While football-crazy folks spend large amounts of money flying to Doha to watch super-rich footballers kick a ball about a stadium (built by poor immigrant workers, some dying in the process), I’d like to take you back to the Qatari capital and February 29th 2020. Only two teams pitched up on this occasion: one from the US, the other from the Taliban. A team, from the then Afghan government was not present. Who knows, perhaps for fear they might cry Foul play!? This way, as things turned out, both squads, to use today’s more military footballing parlance, were on the winning side; the pay-off coming the following September when the US, and the UK flew out of Kabul and the Taliban drove triumphantly in. A shameful day, in my opinion, in the way that the bombing of Baghdad, eighteen years before made me ashamed, angry. But this was different. This was a Peace Deal. We were not abandoning the Afghan people. Oh no. This was for their own good.

My partner, the political cartoonist Peter Schrank was working for The Times newspaper that week. An ex-cartoonist myself, my first thought for the women of Afghanistan, grim cartoon image came to mind.

We are not afraid of death . . . the young Afghan woman said on Radio 4’s Today programme. And the anger returned. this morning

The most recent barbarity the Taliban have inflicted on women is a ban on walking in the park – lest they expose the smallest part of themselves to the world. Yet another restriction added to their diminishing lives, to the lengthening list of do nots. Do not go to the gym, do not go to the swimming pool, do not go to school, do not go to secondary school, and as a consequence, most likely, you cannot go to university, cannot work in many, many areas. Do not sing, do not dance, do not travel without a male relative beyond certain distances. And do not complain! What pathetic specimens of mankind these men must be that dare not look their own countrywomen in the eye.

Should an Afghan woman raise her voice against the National Interest, the man from ludicrously-named Ministry of Vice and Virtue said this morning, should she flout any one of the many laws they themselves have created, should she challenge the state, he said, she will be stopped.

We just want to shout, the young woman said. We want to escape.

My natural state that of an inward-looking writer, happiest in the world of my imagination, a place where words can right wrongs, make peace, or turn whatever guiltless, shameless, less angry, more anarchic never-never land I have created upside down in a moment, I am fortunate to have lived my entire life without restriction – aside, that is, from the Covid lockdown, when we were virtually ordered to walk in the park! Not so the brave Afghan woman I heard this morning. She who has dared to set up a library for women – yet to be closed down, she, so far, not imprisoned.

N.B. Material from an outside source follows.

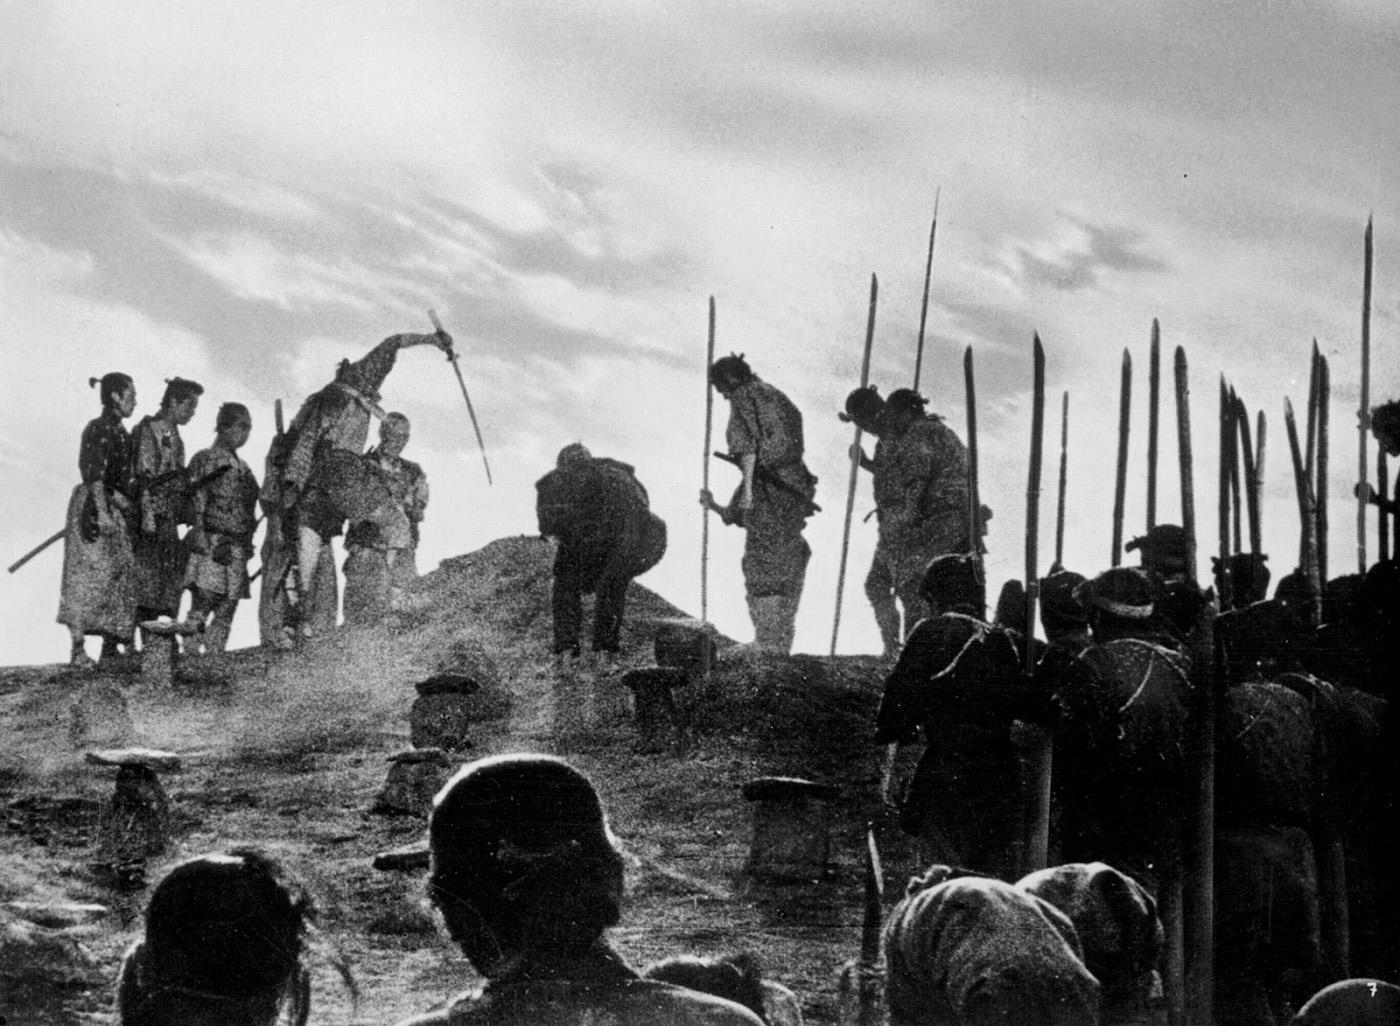 CuadroXCuadro: 'Los siete samuráis' o la primera película de acción de la historia

We are not afraid of death . . . she told the journalist, We are scared of being omitted from society. She went on to say that while the mass demonstrations in Iran have [rightly] got a lot of publicity, the ever-shrinking lives of Afghan women [the US and UK abandoned to their fate] have been forgotten, do not make the front pages of newspapers.

It should not be so. They should not be omitted. We must shout for them. Shout louder!

Afghanistan: A woman's outlook

After appearing in The Times, the cartoon made the cover of Courier International a French political/cultural magazine, and went on to win the Political Cartoon of the Year Award 2021.